One of the key areas of concern – and understandable anger - is the high number of Covid-related deaths in social care settings. It will be for a future public inquiry to examine in detail why this happened and who, if anyone, is to blame.

What we need to avoid now is a damaging, divisive and misleading blame game. Unfortunately that is exactly what we are seeing, with the suggestion that in the weeks the virus took hold NHS trusts knowingly and systematically transferred the risk by discharging Covid positive patients into care homes.

There’s an obvious temptation here to put two and two together to make five. On 17 March trusts were told to urgently discharge all medically fit patients as soon as it was clinically safe to do so. But it wasn’t until 15 April that the government said they would need to test every patient prior to discharge.

We know that during this period more than 25,000 patients were discharged into care homes. No one is disputing that. But some are saying, implying or suggesting that, because the formal requirement to test prior to discharge was only announced in mid-April, no patients discharged before that date (ie all 25,000) were tested.

That is factually incorrect and it’s a complete travesty because trusts tell us that they tried to ensure that every patient was tested prior to discharge in the mid March to mid April period, well before the formal requirement to test was introduced.

Nobody knows how many discharged patients were transferred without being tested in this period – we’re not sure we ever will know - but trusts tell us the vast majority were tested. There is no evidence anywhere to indicate that all 25,000 patients discharged between mid March and mid April were discharged without being tested - is true.

The further implication is that these discharges were the main or principal reason for the level of care home deaths.

There are a number of possible factors here including access to personal protective equipment (PPE) and testing in care homes, and the challenges they face in infection control and workforce shortages that led to agency staff working across a number of homes. Again, it is impossible to know the balance of the factors here.

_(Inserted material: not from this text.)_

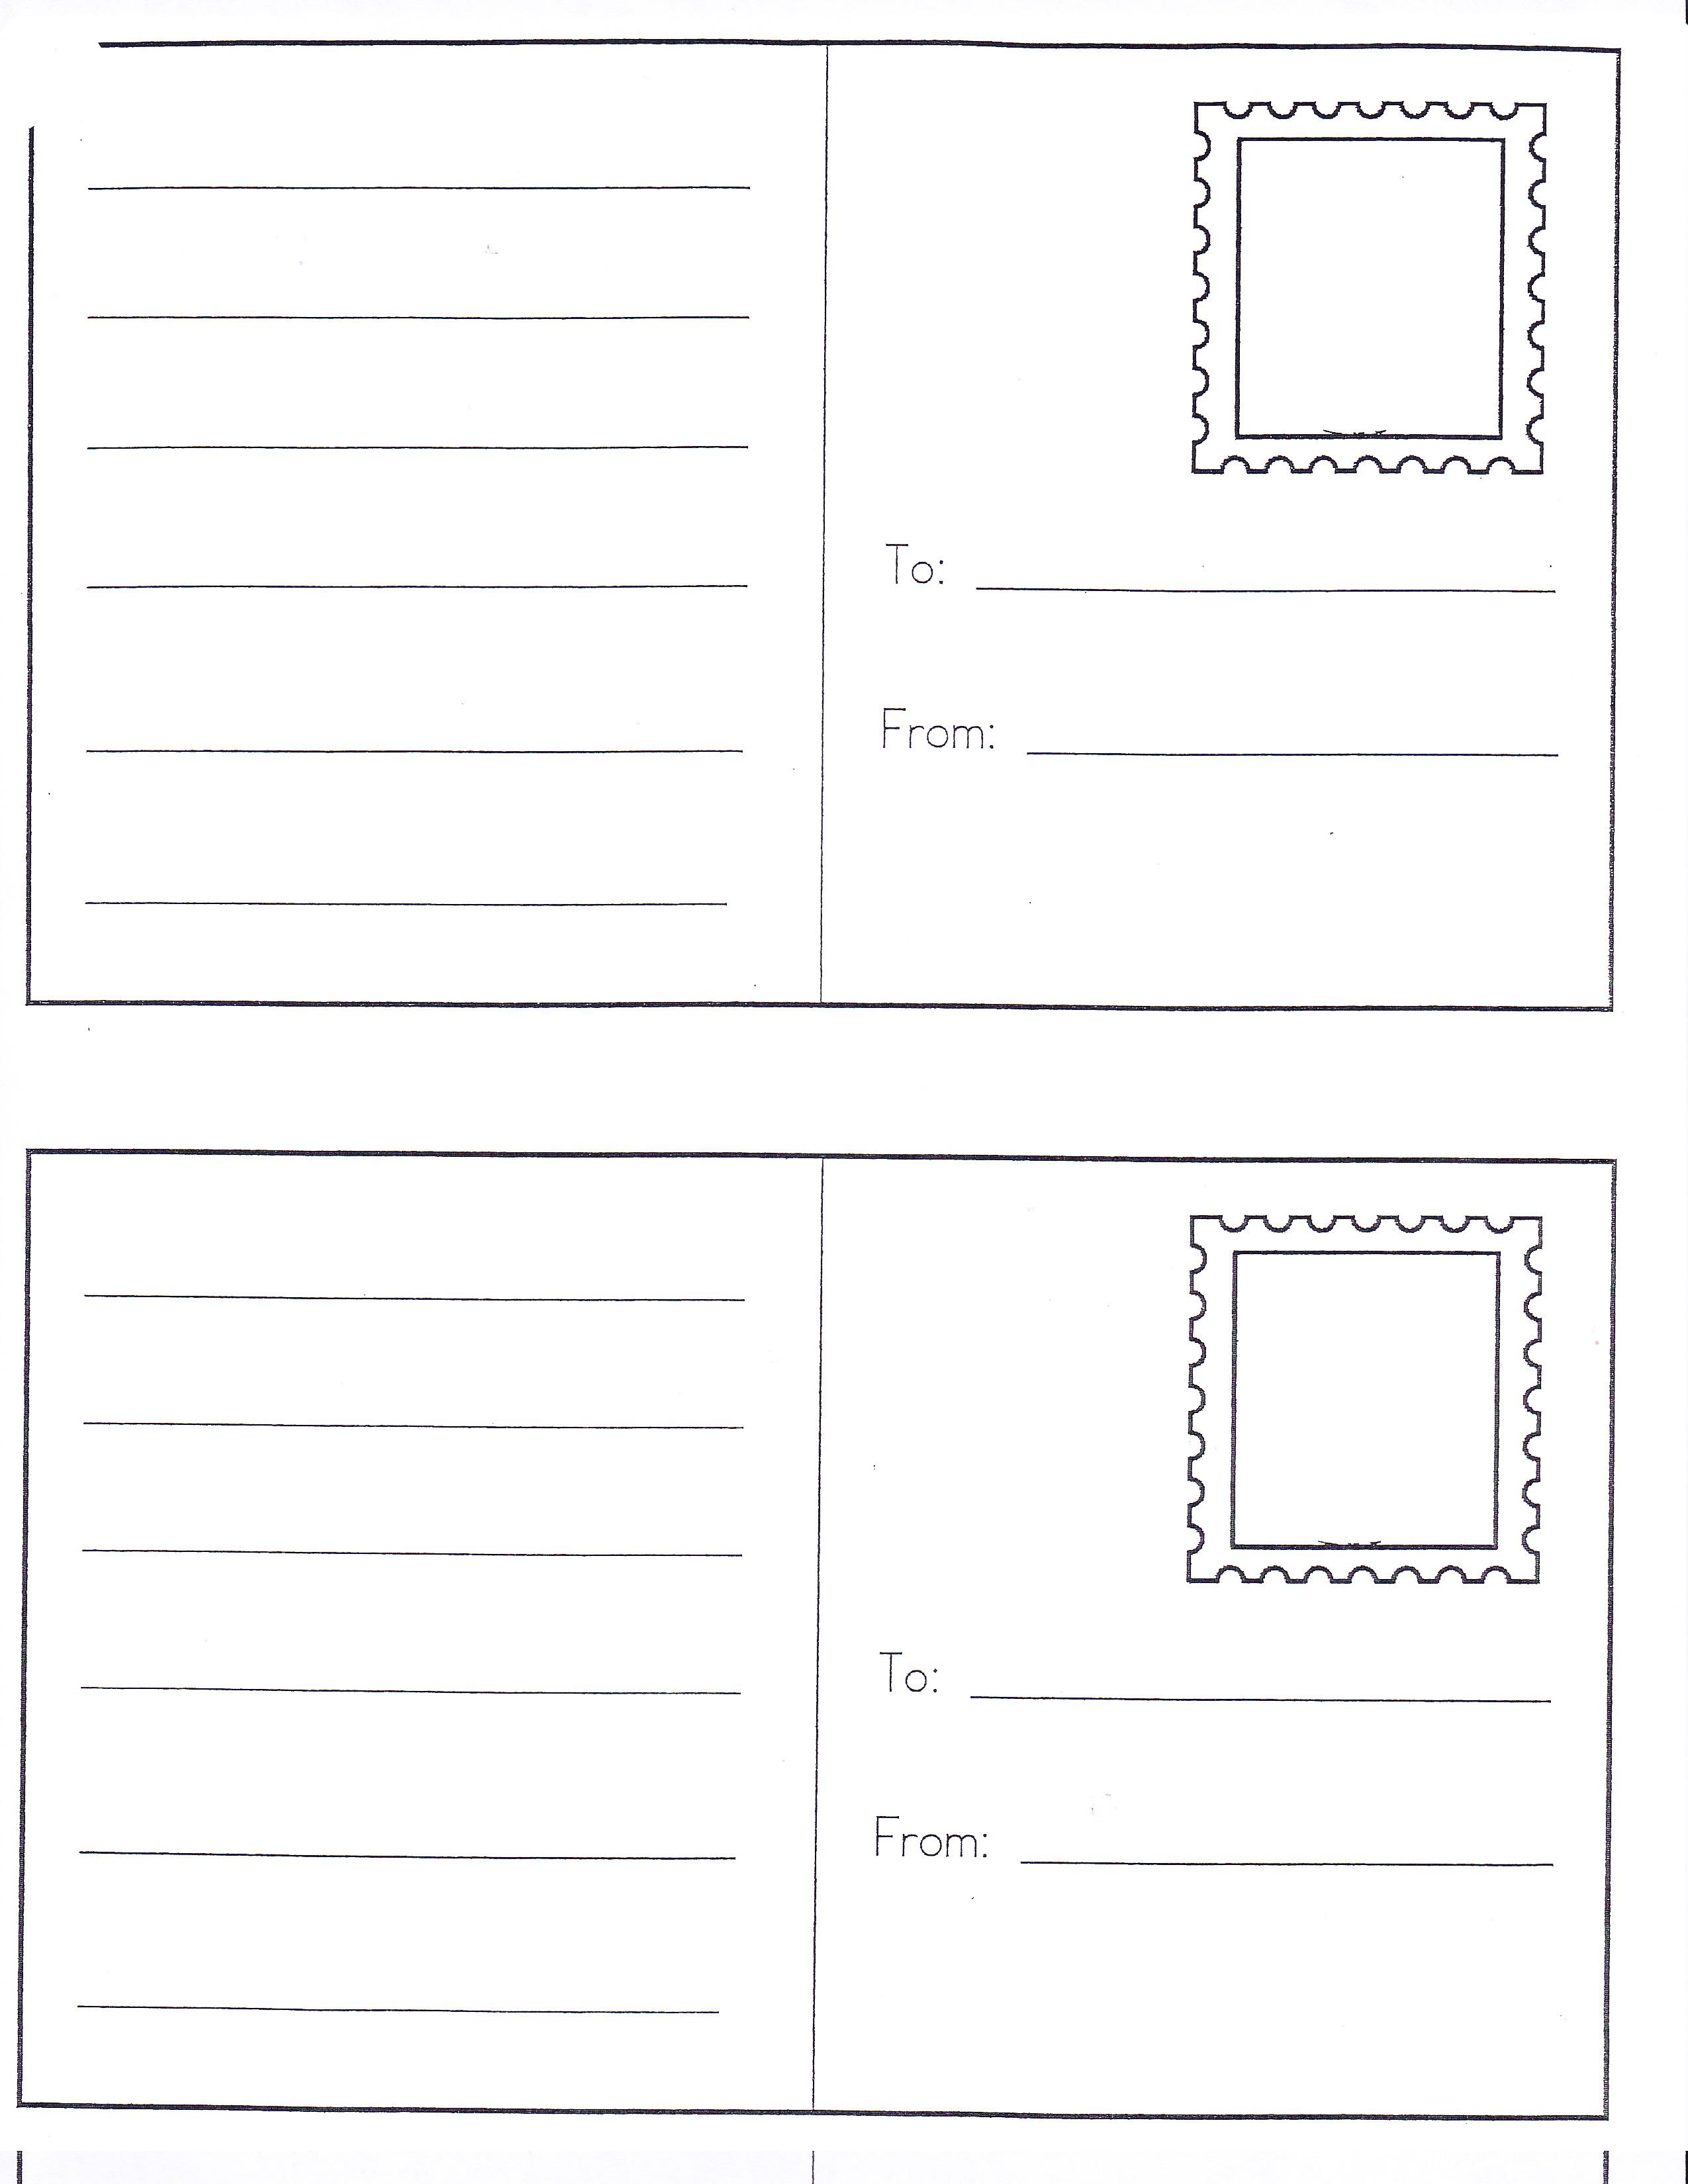 8 Best Images Of Preschool Post Office Stamps Printables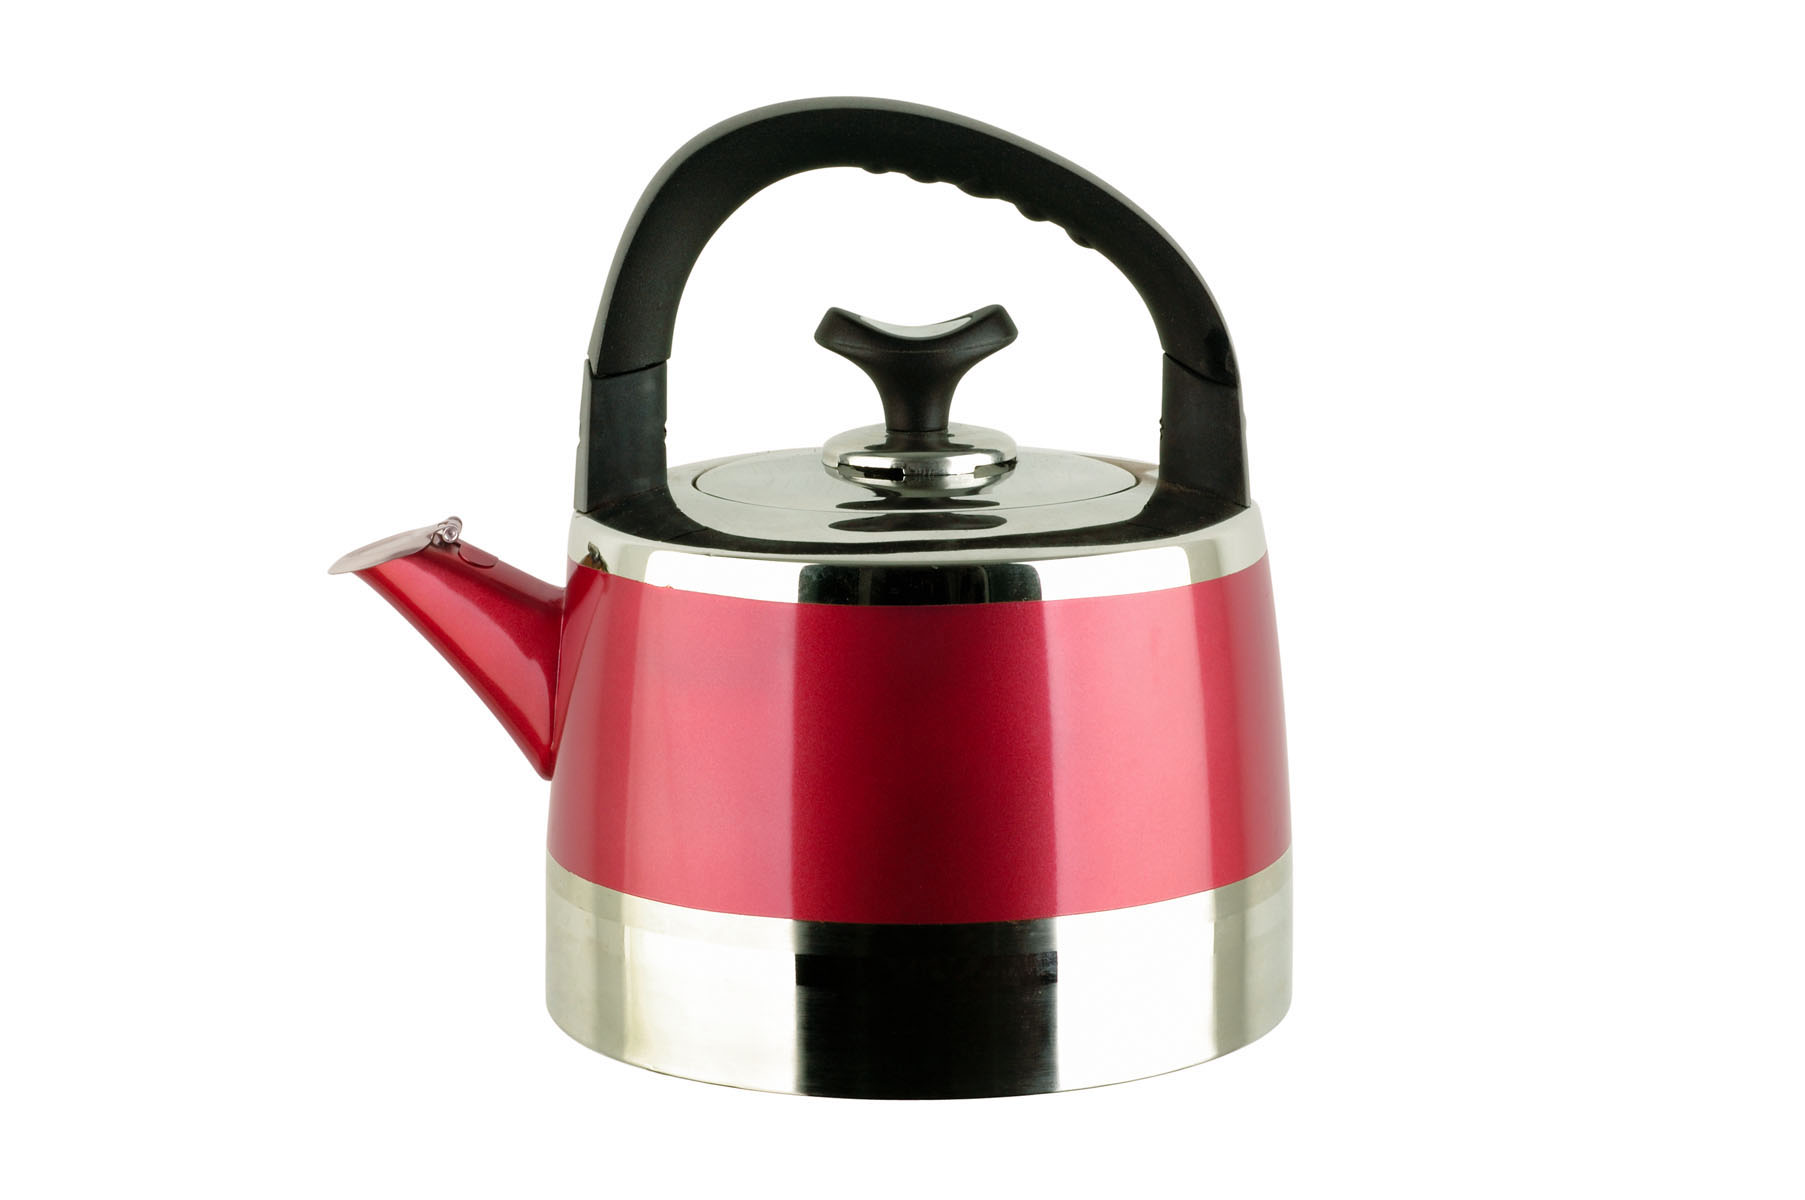 Чайник Bekker Koch со свистком, цвет: красный, 3 л. BK-S447 термос bekker koch с помпой 2 5 л bk 4033

The reality is that working in close partnership with local authorities and care homes, and in accordance with the guidance, trusts took a range of steps with known and suspected covid patients to minimise the risk of transmission. These included 14-day isolation in hospital, transfer to community hospitals as an intermediary step or supporting their return home with a care package.

They only discharged known or suspected covid patients to care homes when those homes agreed they had the capacity to treat or isolate them

Trusts acknowledge there may have been a small number of asymptomatic patients discharged after the instruction to discharge medically fit patients on 17 March, but this was quickly identified as an issue and appropriate arrangements put in place.

So there’s no evidence that the NHS systematically and knowingly transferred the covid risk to care homes and that this was the main or principal driver of care home mortality.

The suggestion is damaging and misleading, and detracts attention from the fundamental neglect of social care by successive governments that made the sector so vulnerable.